Корсаков проснулся по-военному - в тот час,который сам себе назначил.

Ощупью собрав одежду, он вышел в кабинет, прикрыв за собой дверь спальни, включил свет, щурясь, быстро оделся. В коридоре он столкнулся с капитаном Ищенко - с полотенцем через плечо капитан шел из туалета. Выслушав рапорт о том, сколько боеприпасов завезено за ночь, Корсаков с интересом посмотрел на капитана.

- Слушай, а ты когда-нибудь спишь?- спросил он.

- А когда придется, когда время свободное есть,- бодро ответил капитан. - Я же в дежурной группе работал, на вызовах, а это обычно по ночам.

- Значит, так,- начал Корсаков,- я сделал все по твоему совету. Девушке будет что вспомнить...

- Прекрасно! Поздравляю!- обрадовался Ищенко.

- Ты особенно не радуйся,- остановил его Корсаков. - В процессе всего этого интима произошло то, что происходит всегда и чего я и боялся. Возникают некие связи...- Корсаков поморщился и сделал неопределенный жест рукой. - Словом, если бы ничего такого не было, мне было бы гораздо проще отправить ее отсюда, и я сделал бы это сам. А после случившегося мне самому отправить ее будет трудно. Придется поручить это тебе, капитан. Прости и выручай.

- А почему бы тебе не оставить ее здесь, раз она так хочет?- спросил Ищенко. - Она мне говорила, что будто бы ты согласился взять ее медсестрой...

- К сожалению, она выдает желаемое за действительное,- вздохнул Корсаков. - А если ее убьют? А как мне людям в глаза смотреть? Итак, слушай приказ: доставить девушку в безопасное место и, чтобы закрыть окончательно этот вопрос, переправить ее на ту сторону Кольца. Надеюсь, ей не придется идти по колено в дерьме, как нашему банкиру...

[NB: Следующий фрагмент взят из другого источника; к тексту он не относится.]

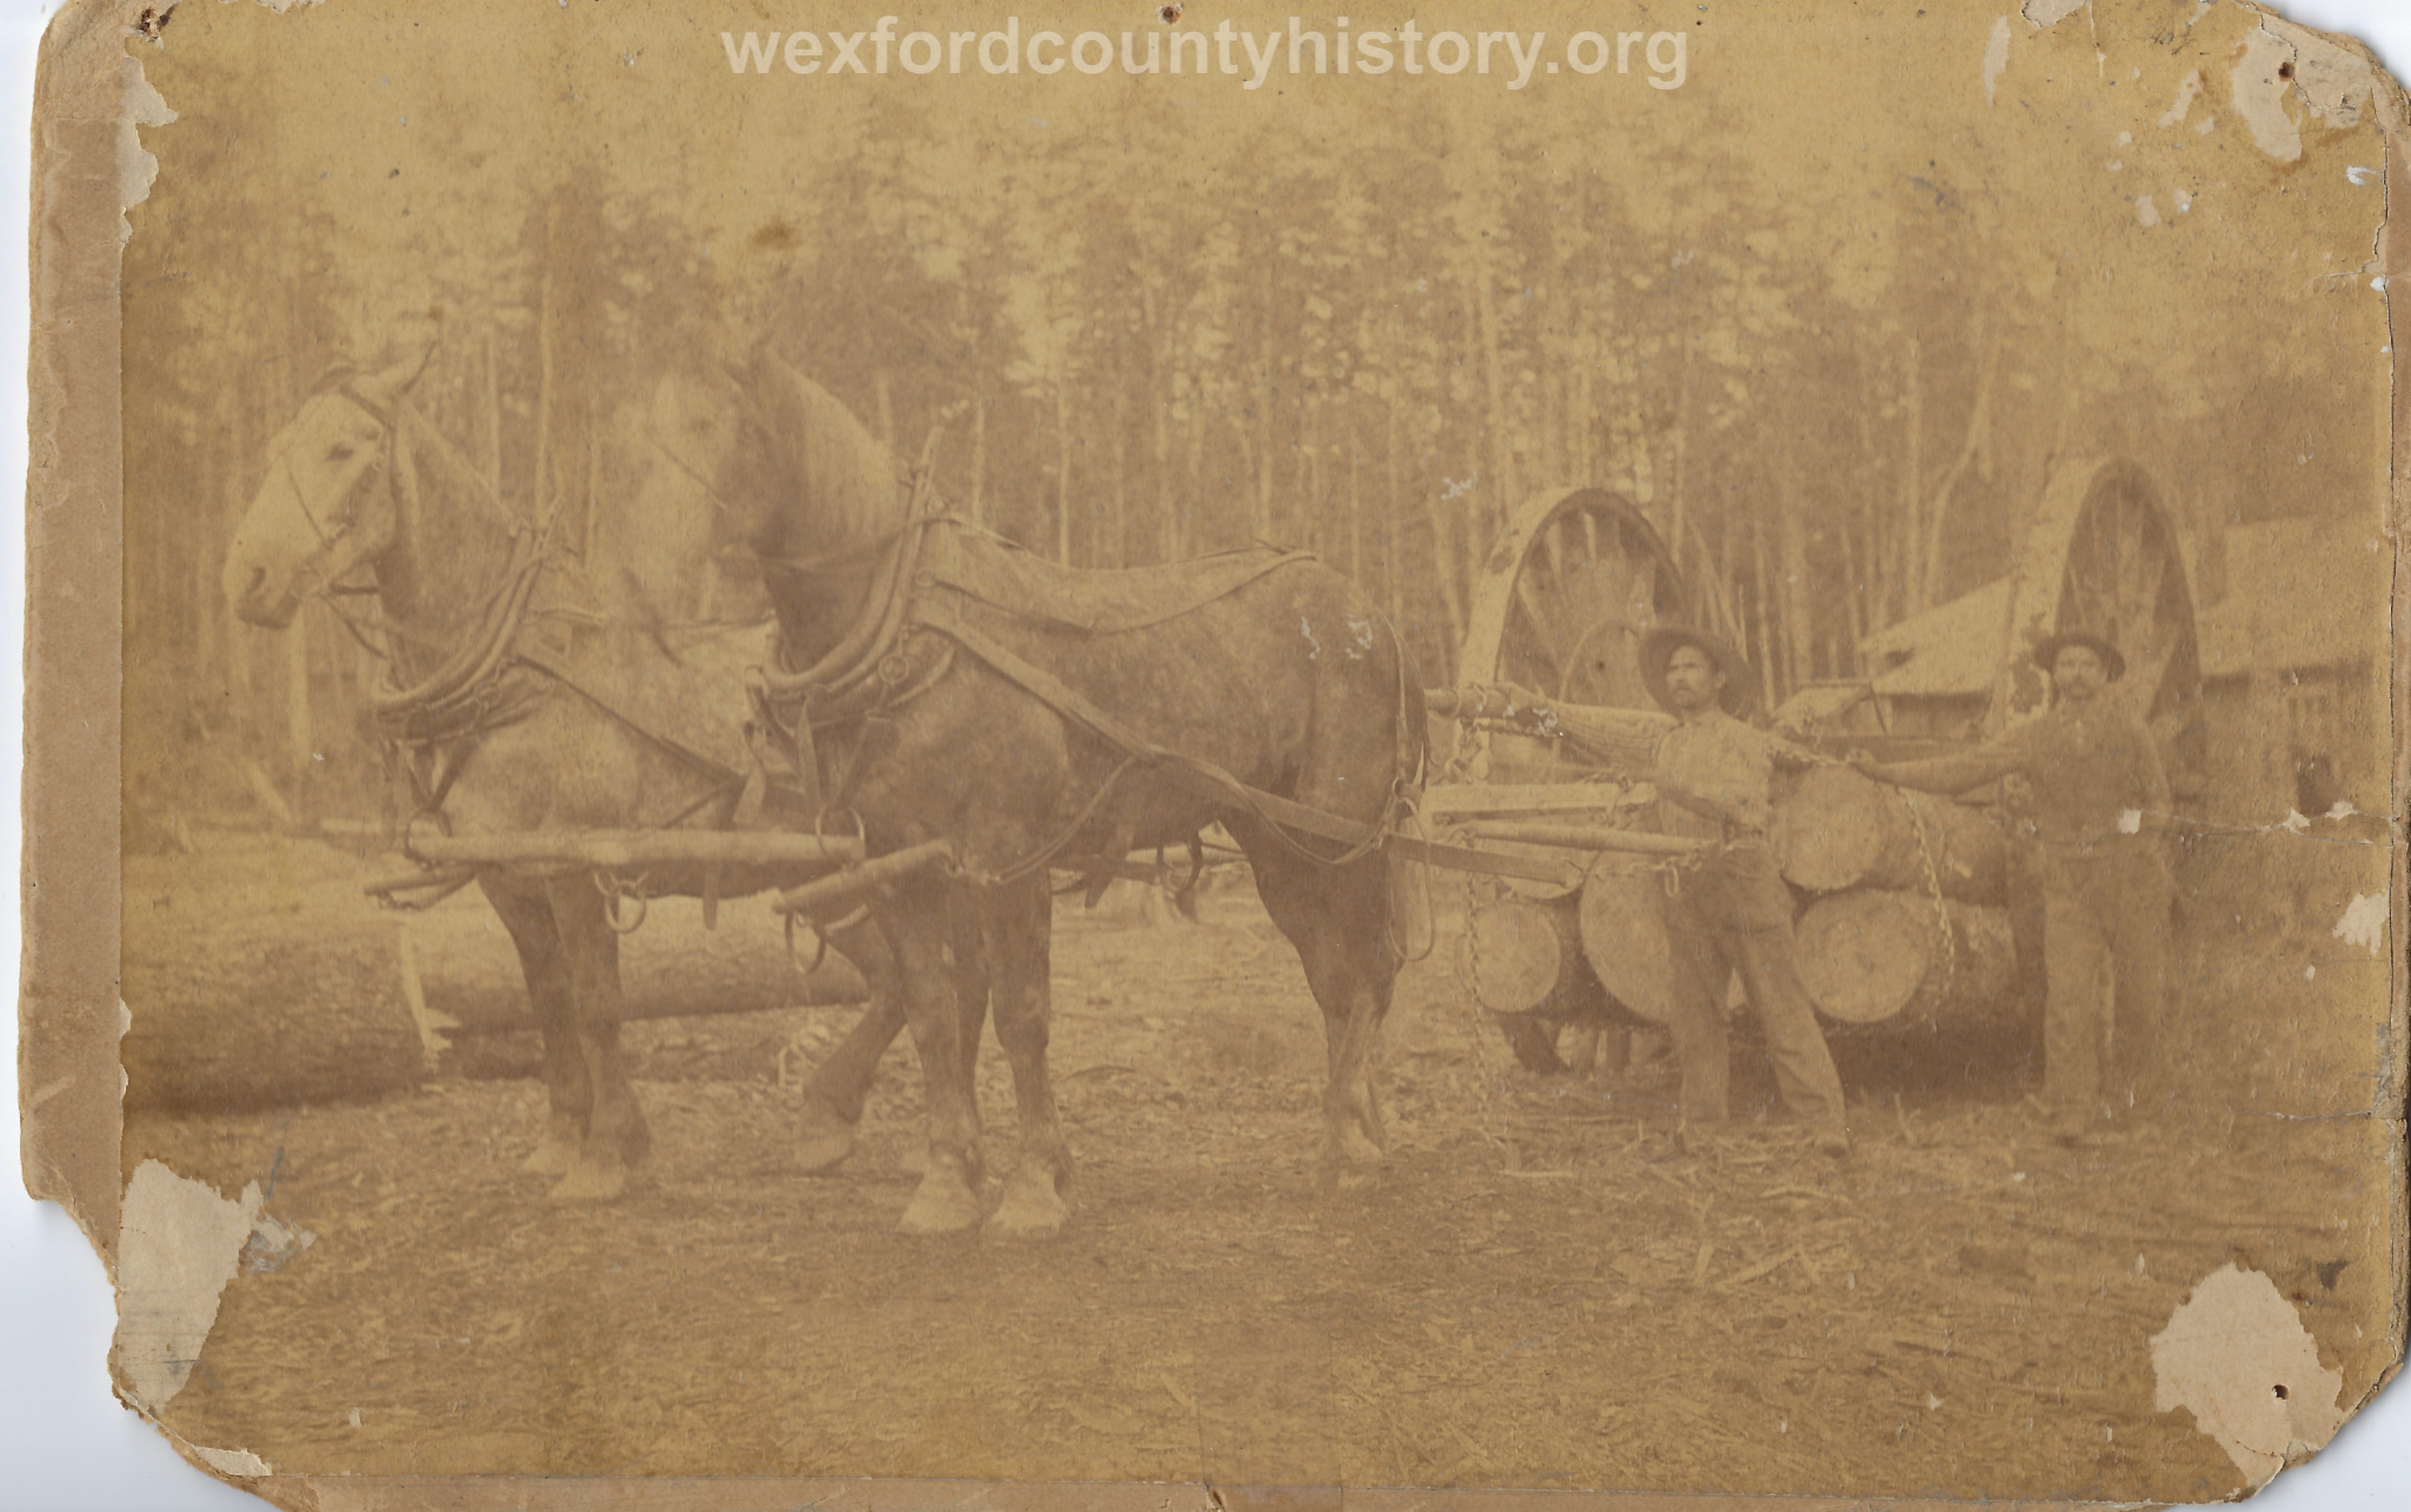 Cadillac-Lumber-Horse-Team-Pulling-Logs-2
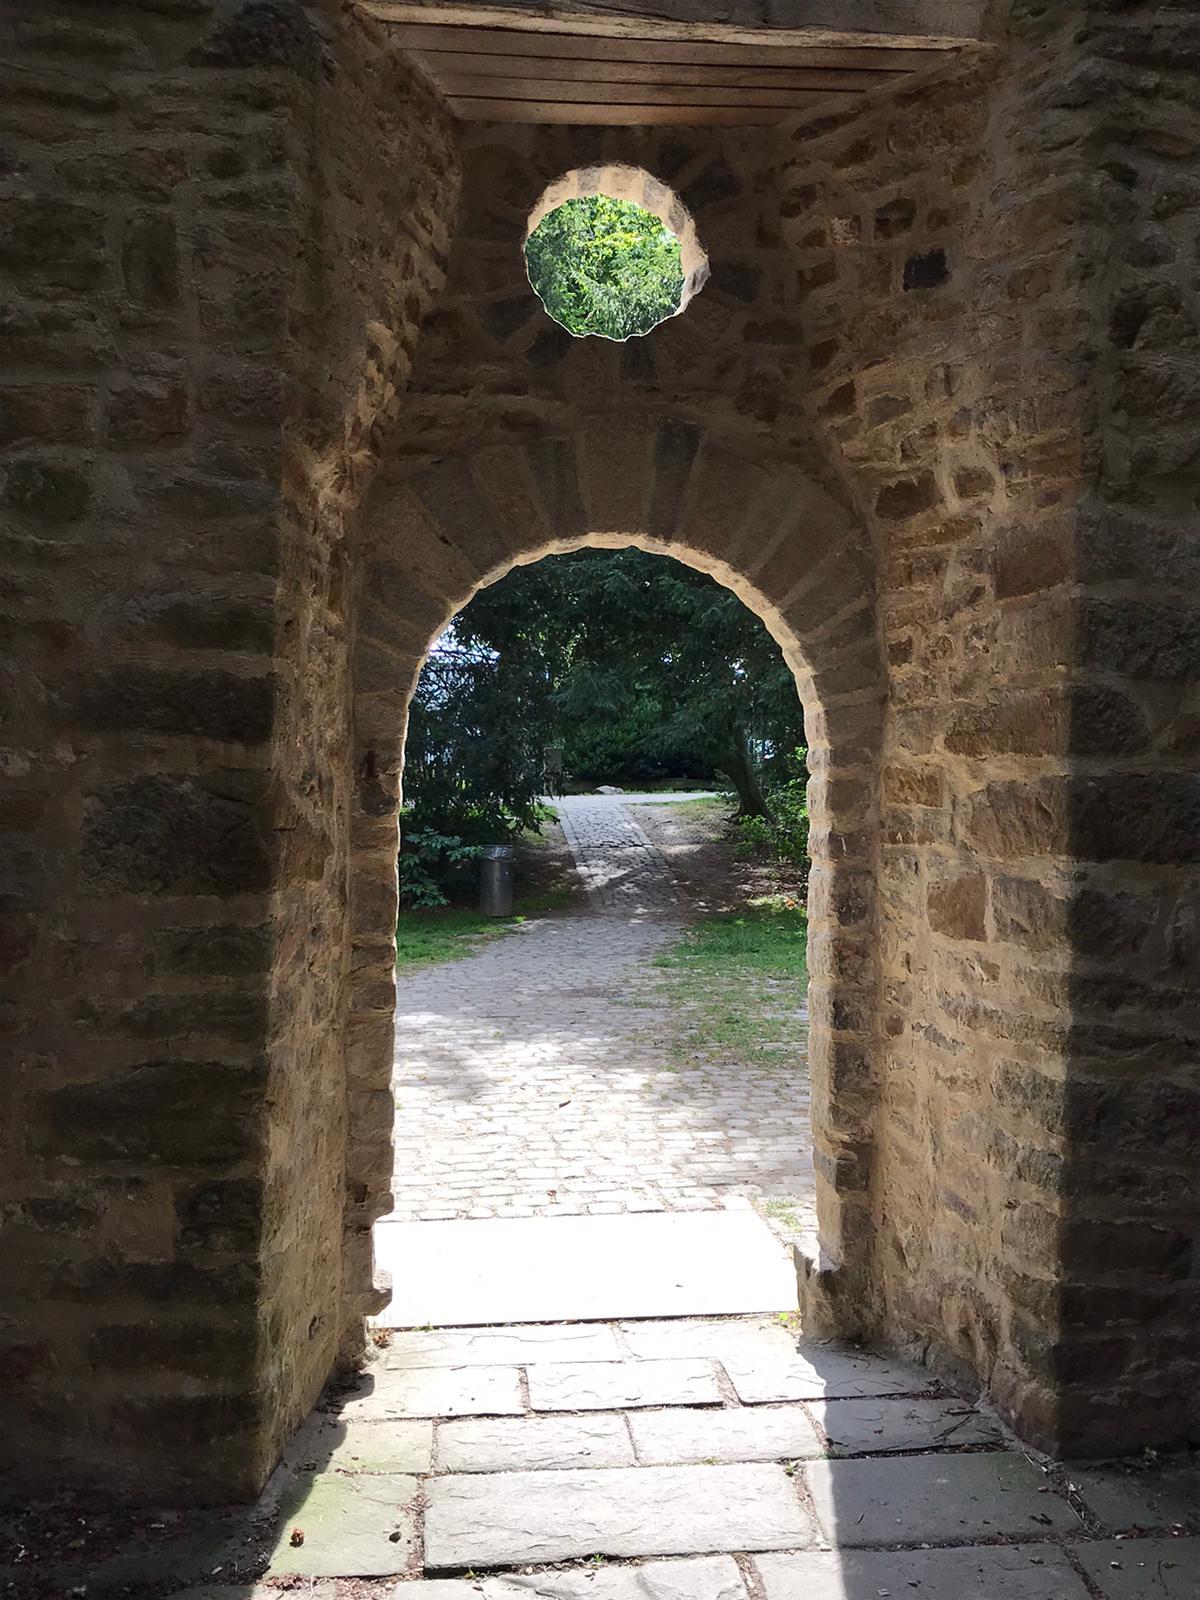 Der ehemalige Eingang der Kapelle

- А если она сопротивляться будет?- спросил Ищенко. - Поднимет крик...

- Вот и видно, капитан, что ты не армейский офицер,- поморщился Корсаков. - Что значит - "поднимет крик"? Ты приказ имеешь! Если понадобится - силу примени, свяжи по рукам и ногам...

Ищенко только крякнул, вспомнив стройные ножки безупречной формы. А Корсаков подумал и несколько смущенно добавил:

- И вот еще что... Ты ей попробуй как-то объяснить, что я не потому это делаю, что плохо к ней отношусь,- как раз наоборот. Возьми у нее координаты, скажи, что когда вся заваруха кончится, я ее обязательно найду. Под пыткой выбей, если потребуется!- свирепо прорычал Корсаков, уловив во взгляде капитана искру смеха, и зашагал прочь по коридору, на прощанье бросив:"Выполняйте!"


Весь день Ищенко гнал от себя навязчивые мысли об Альбине, и в результате ему показалось, что стемнело гораздо раньше обычного. День прошел в рутинной военной работе, но напряжение явно копилось в атмосфере - одновременно ощущались вялость и беспокойство, словно перед грозой. Прокатившись по всему периметру Садового кольца, проверив выполнение своих распоряжений и вообще все, что только возможно, Корсаков вернулся на командный пункт и встретил там капитана Ищенко. Именно этого человека он страстно желал увидеть целый день, и сейчас ему с трудом удалось сдержать возглас нетерпения.

- Ну что, эвакуировал?- ворчливо спросил он.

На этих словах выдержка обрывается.